Là où le film rentre le plus rigoureusement dans la théorie de la photogénie, donc de l’expression la plus pure du cinéma, réside dans son esthétique : sans cesse, Aronofsky pointe la capacité du cinéma d’augmenter et intensifier les choses, non seulement visuellement mais aussi sensiblement, afin d’en relever la justesse la plus intime des lieux et des figures.



[…] Un gros plan de revolver, ce n’est plus un revolver, c’est le
personnage-revolver, c’est-à-dire le désir ou le remords du crime […]



...écrit Epstein, qui n’aurait certainement pas renié le travail de Aronofsky conférant dans chaque plan de Requiem for a Dream (que nous verrons aussi prochainement dans Black Swan en 2010 ou autre Mother! en 2017) une histoire archaïque des objets.
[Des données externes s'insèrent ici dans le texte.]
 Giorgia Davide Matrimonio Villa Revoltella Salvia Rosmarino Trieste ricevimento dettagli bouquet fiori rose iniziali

On pense notamment aux ustensiles tels que le poste téléviseur, le réfrigérateur, les personnages d’une série télévisée ainsi que les pilules amphétamines, s’adressant directement à la pauvre Sara en proie à de terribles hallucinations. La séquence en question soumet pour la première fois explicitement son personnage à l’omniscience de ses désirs (c’est-à-dire respectivement le désir d’être invité à une émission télévisée, une gourmandise refoulée, la popularité, la consommation des pilules), leur attribuant une figure propre et contribuant à la subjectivité persuasive entre horreur et humour dit juif. Ajoutons à cela, la richesse des échelles de plans et des variations de vitesse de l’image par lesquels Aronofsky s’interdit la narration traditionnelle comme moyen d’expression. Ainsi les attentes du spectateur se retrouvent déplacées du récit cinématographique, au pouvoir des images ; la sensibilité prend le pas sur la narration.


Néanmoins, peut-on réellement parler de qualité morale pour ce film ?
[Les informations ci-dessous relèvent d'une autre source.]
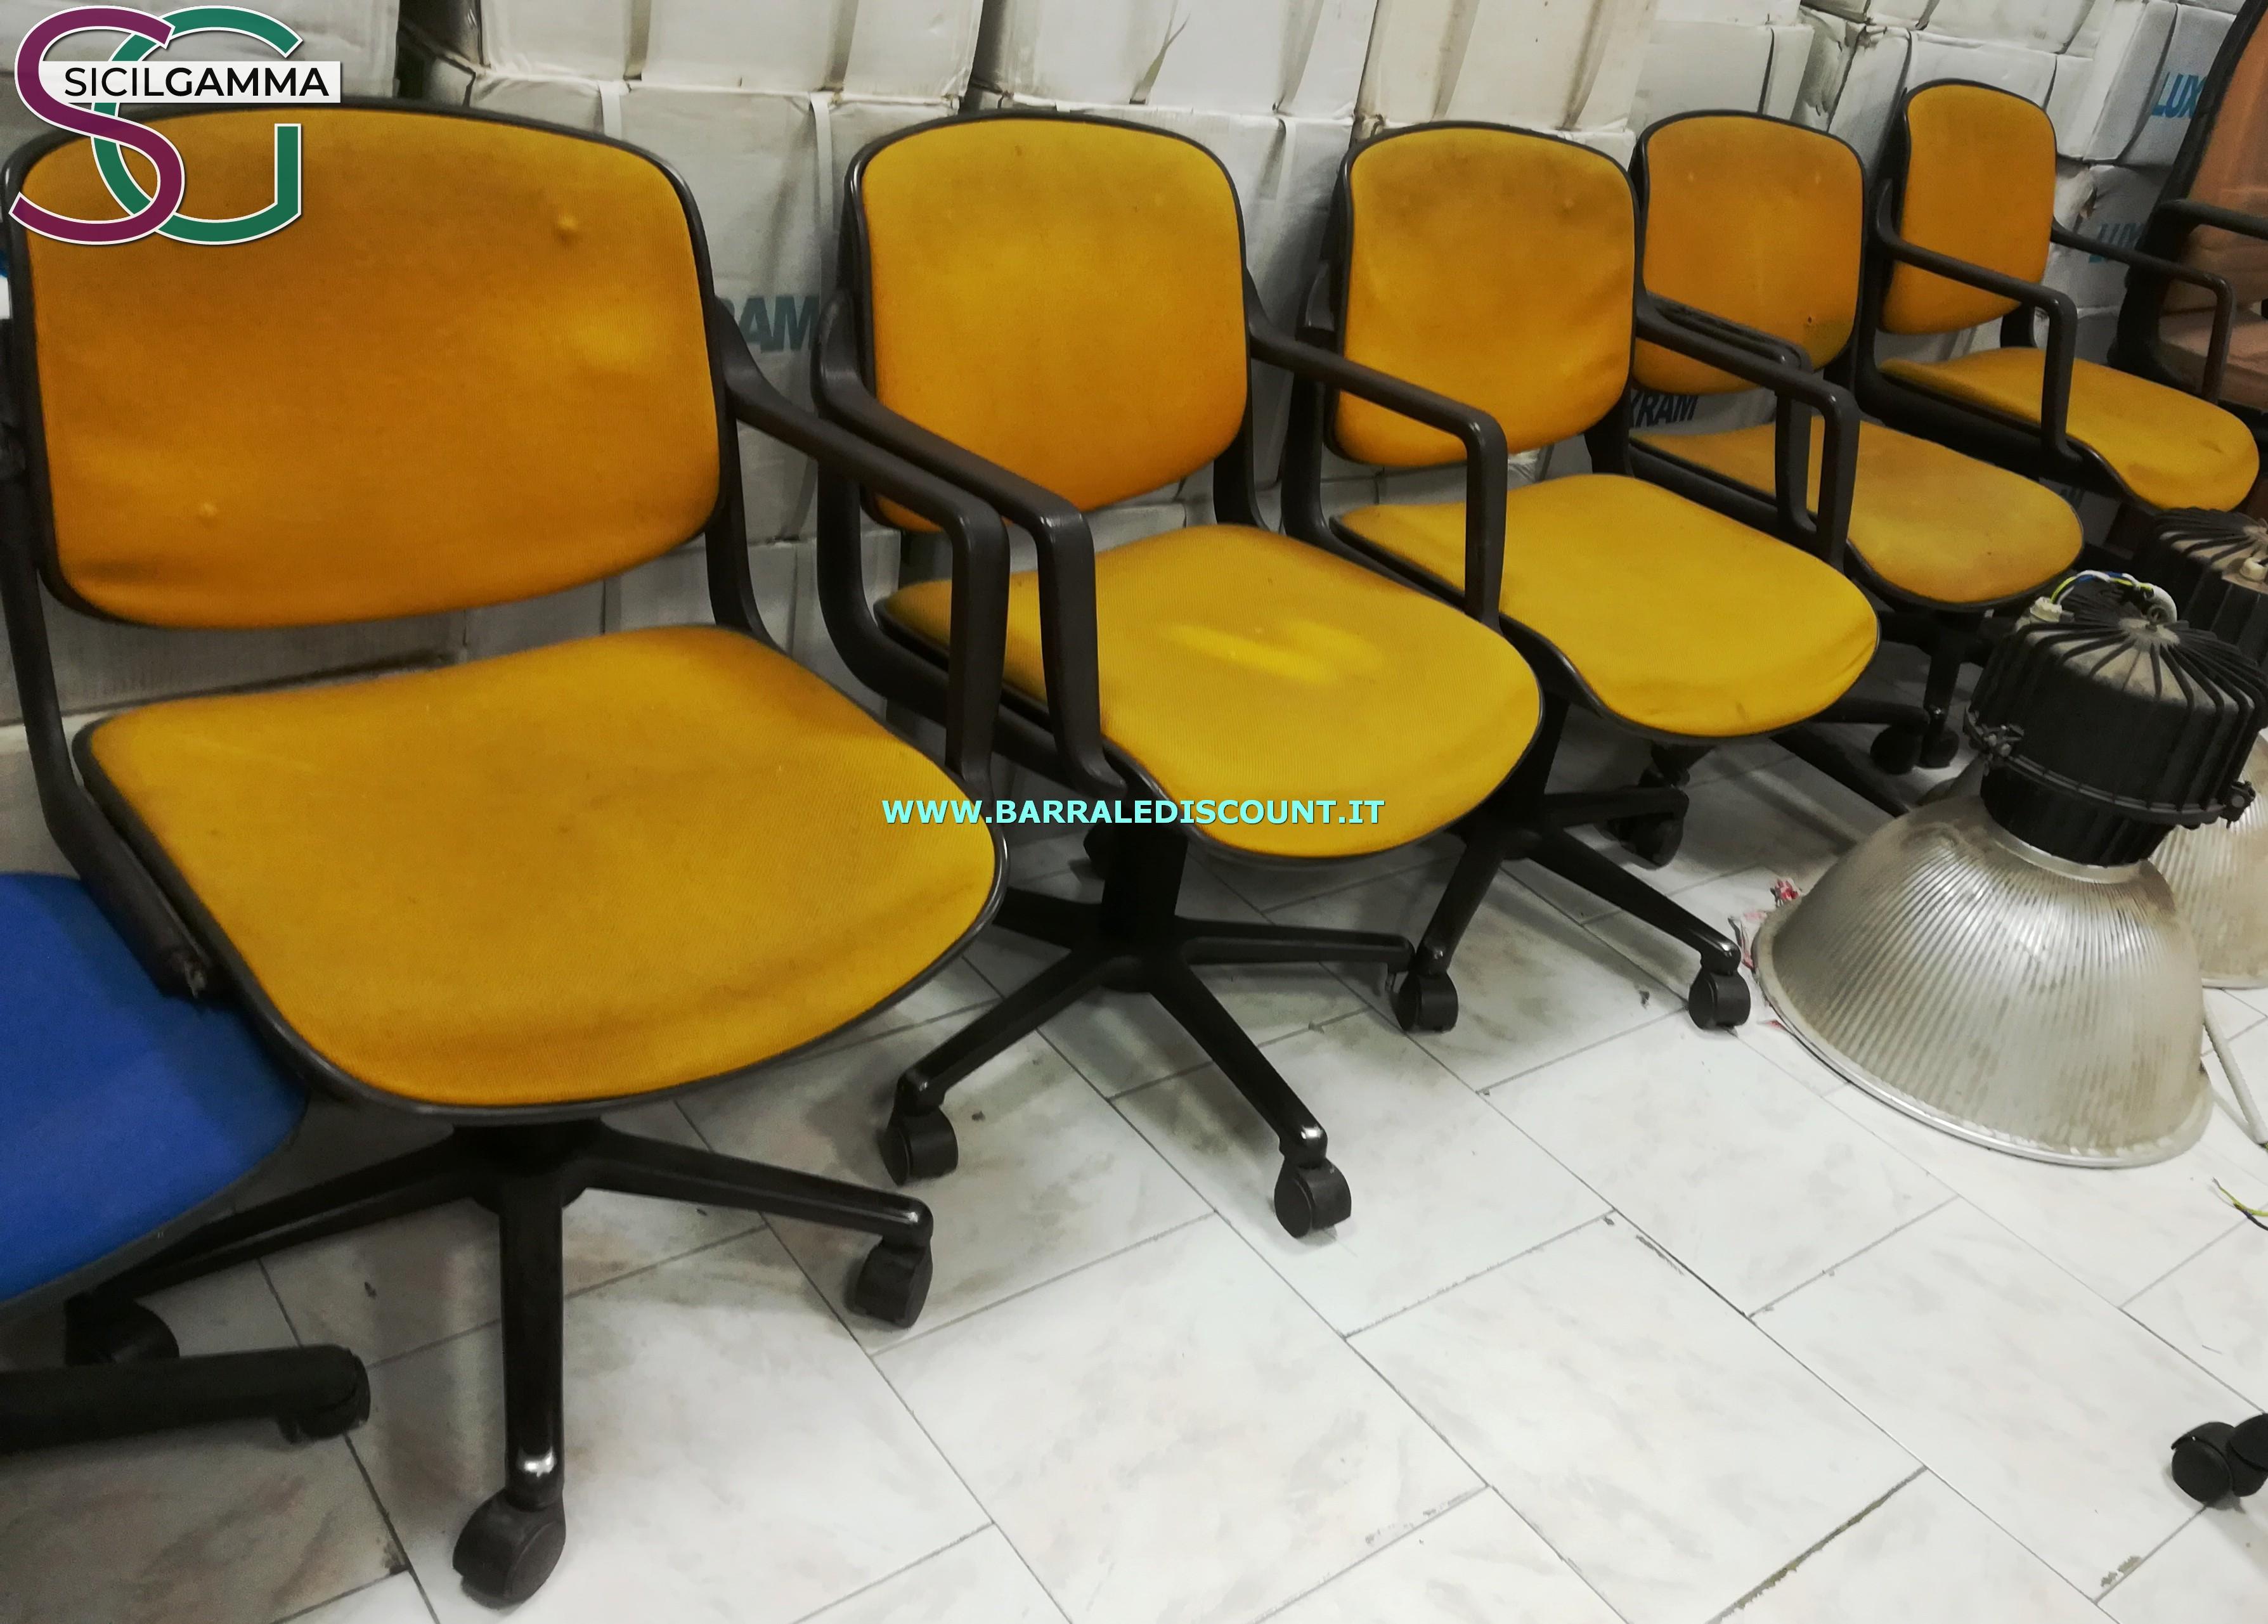 Sedie ufficio 3021 barrale discount for Ufficio discount

Seuls les aspects mobiles du monde, des choses et des âmes, peuvent
voir leur valeur morale accrue par la reproduction cinématographique.



En donnant vie à l’inanimé, Aronofsky ponctue son film d’images fortement révélatrices du train de vie des junkies ; avec un tel parti pris, le concept du beau énoncé par Epstein est plutôt réfuté. L’âme du film réside davantage dans un certain discours critique porté par les images. Effectivement, les deux drogues de la mère représenteraient les deux facettes du cinéma, l’art cinématographique (représenté par la télévision) et l’industrie cinématographique (représentée par les amphétamines dans la mesure où ce sont elles qui en droit, assurent la crédibilité du personnage aux yeux des spectateurs). Deux êtres indissociables définis de la sorte par Epstein :



On demande un chirurgien qui séparerait ces deux frères ennemis sans
les tuer, ou un psychologue qui aplanirait les incompatibilités
entre les deux cœurs.



Requiem for a Dream définit brillamment l’âme du texte de Jean Epstein avec une véritable leçon de mise en scène, riche en non-dits et fascinante, pour un film choc, le plus abouti de son auteur, captant à tout instant la mouvance des objets pour intensifier le statut de film du réel. Un devoir de cinéaste du réel comme il en sort rarement, époustouflant et fascinant.